Mais, s’il partage à cet égard le préjugé courant, il ne peut voir sans impatience et sans indignation les avantages presque exclusifs réservés par l’usage aux grands seigneurs, aux hommes de Cour, qui accaparent à leur profit tous les hauts grades et tous les emplois lucratifs. Il est certain que, dans les vingt dernières années de l’ancienne monarchie, l’Almanach militaire est, sur ce point, déplorablement instructif. En 1775, on compte neuf maréchaux de France, cent soixante-quatre lieutenans généraux, trois cent soixante et onze maréchaux de camp, quatre cent quatre-vingt-deux brigadiers, au total mille vingt-six officiers généraux, tous choisis dans la grande noblesse et coûtant au Trésor environ quinze millions par an, tandis que les autres officiers de l’armée en coûtent à peine dix à eux tous.

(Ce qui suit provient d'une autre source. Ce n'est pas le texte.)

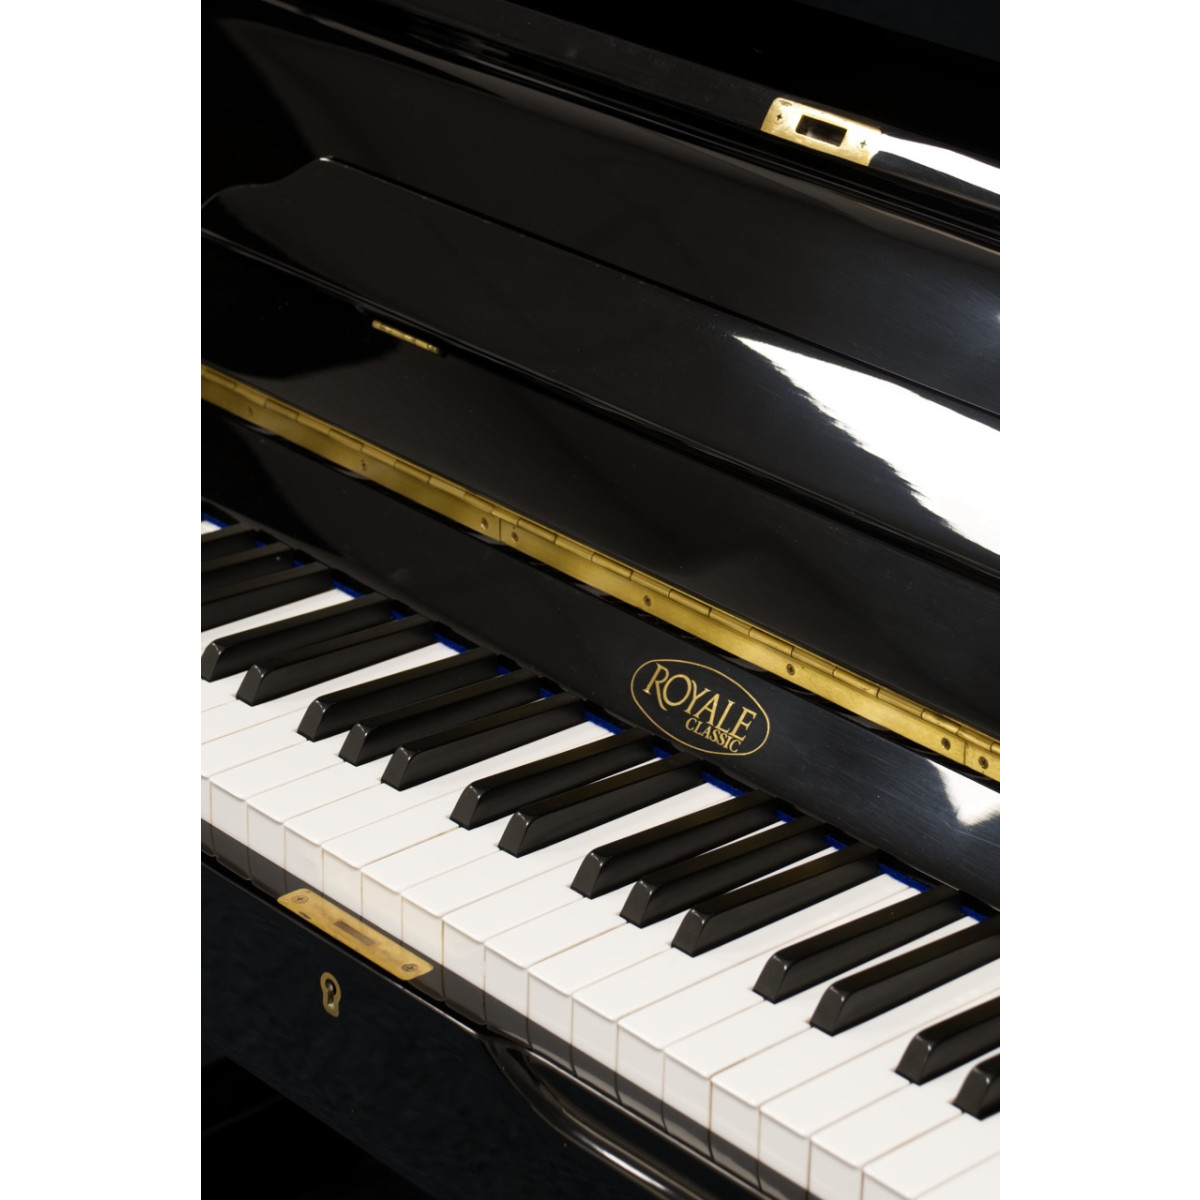 Royale Classic Klavier, Modell 49FRA, schwarz, gebraucht kaufen bei Pianelli, Ansicht: Klaviatur

Pendant ce temps, les petits gentilshommes végètent, sans espoir d’avancer, dans des grades inférieurs, dotés, après de longs services, de si maigres retraites, qu’on voit souvent de vieux chevaliers de Saint-Louis, tout criblés de blessures, cacher leur croix dans le fond de leur poche et « se louer » pour battre le blé ou pour travailler à la terre.

De cette classe sacrifiée, Saint-Germain se fait l’avocat, le soutien déclaré. Pour eux, pour leurs enfans, il ouvrira de nouvelles écoles militaires. Il cherchera, par mille moyens, à leur faciliter l’accès des grades supérieurs de l’armée, en

  1. Mémoires de Saint-Germain.
  2. Correspondance avec Paris-Duverney.